- **WORKING DATA**:
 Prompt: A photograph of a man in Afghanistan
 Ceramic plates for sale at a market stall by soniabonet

* * *

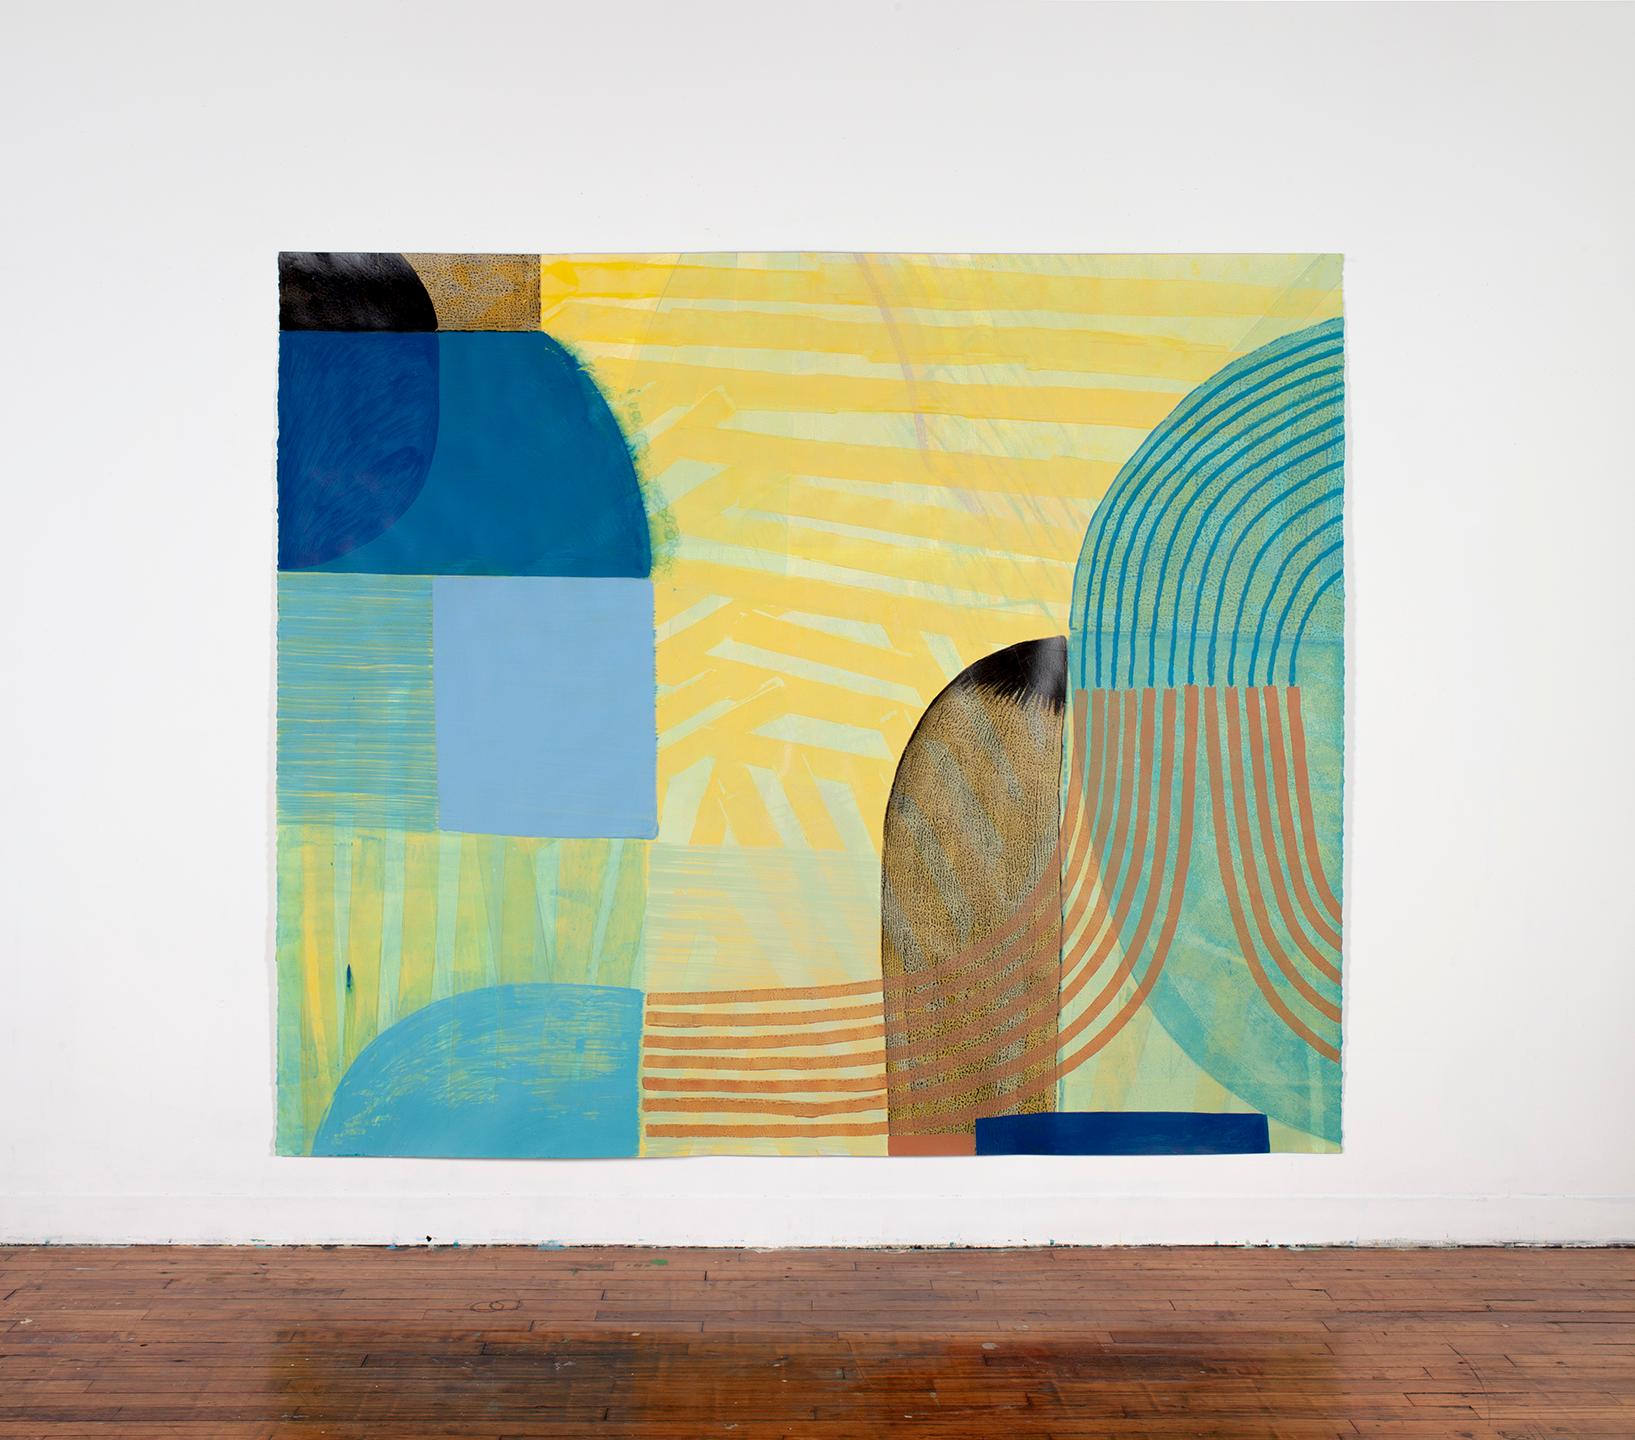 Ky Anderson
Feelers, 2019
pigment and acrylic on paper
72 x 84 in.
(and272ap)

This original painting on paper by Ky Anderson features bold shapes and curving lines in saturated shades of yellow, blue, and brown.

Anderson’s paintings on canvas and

- **INSTRUCTIONS FOR THE TASK**: From the listing above, copy out each line where the word "paper" appears.

- **TASK RESPONSE**:
pigment and acrylic on paper
This original painting on paper by Ky Anderson features bold shapes and curving lines in saturated shades of yellow, blue, and brown.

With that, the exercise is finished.